**Supplied material**

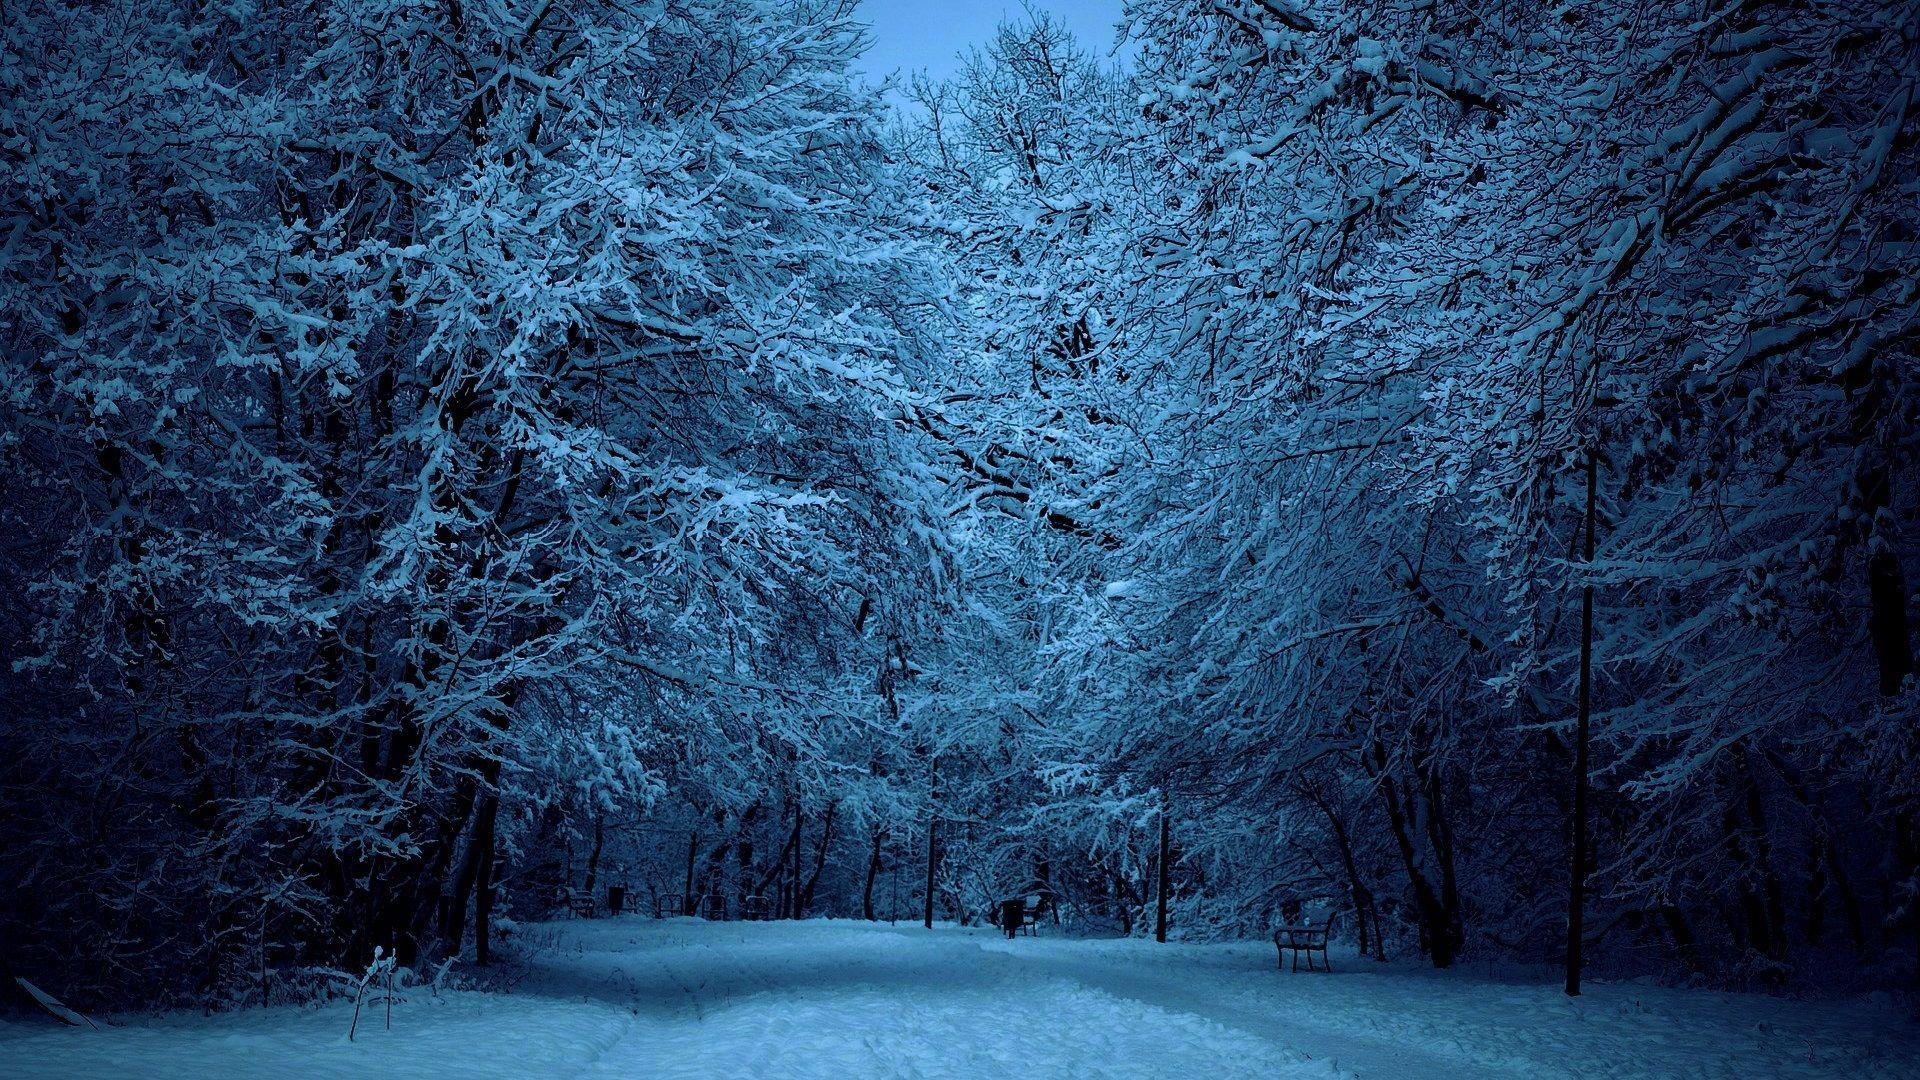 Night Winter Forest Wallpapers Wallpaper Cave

...

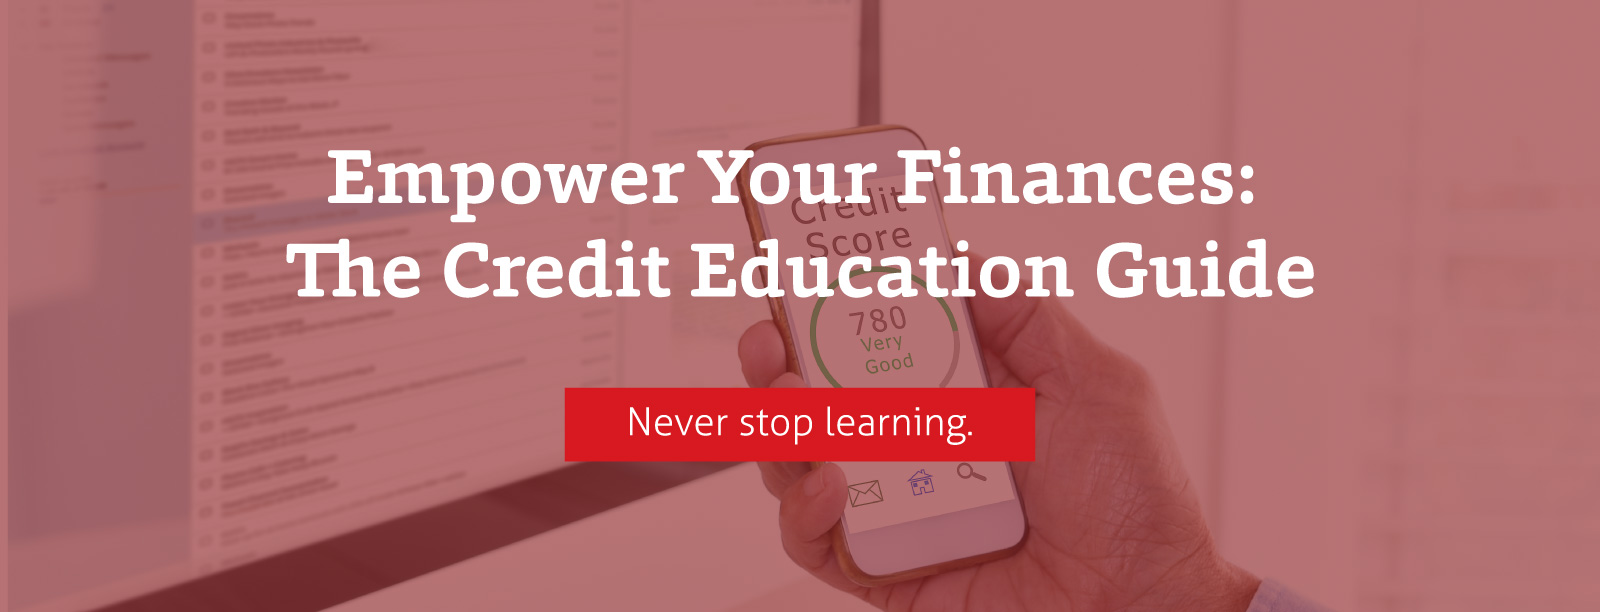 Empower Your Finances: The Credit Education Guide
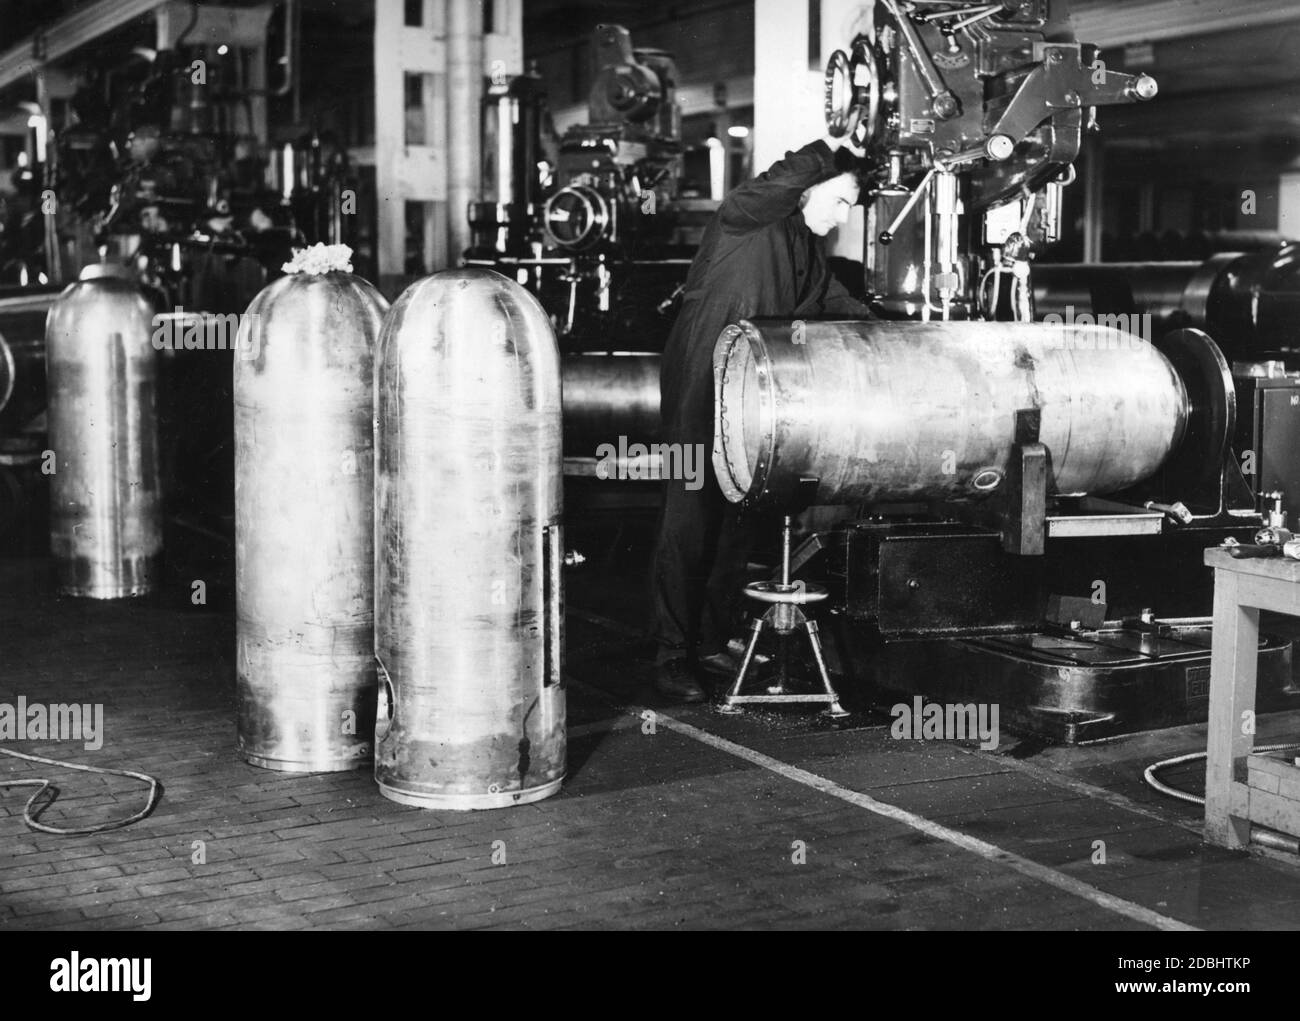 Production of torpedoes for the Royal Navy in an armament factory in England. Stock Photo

**Problem details**
Look above for the line with "Empower Your Finances: The" and the line with "Production of torpedoes"; set down those two lines and all lines between them exactly, without pictures and without anything else.

**Exercise answer**
 Empower Your Finances: The Credit Education Guide
 Production of torpedoes for the Royal Navy in an armament factory in England. Stock Photo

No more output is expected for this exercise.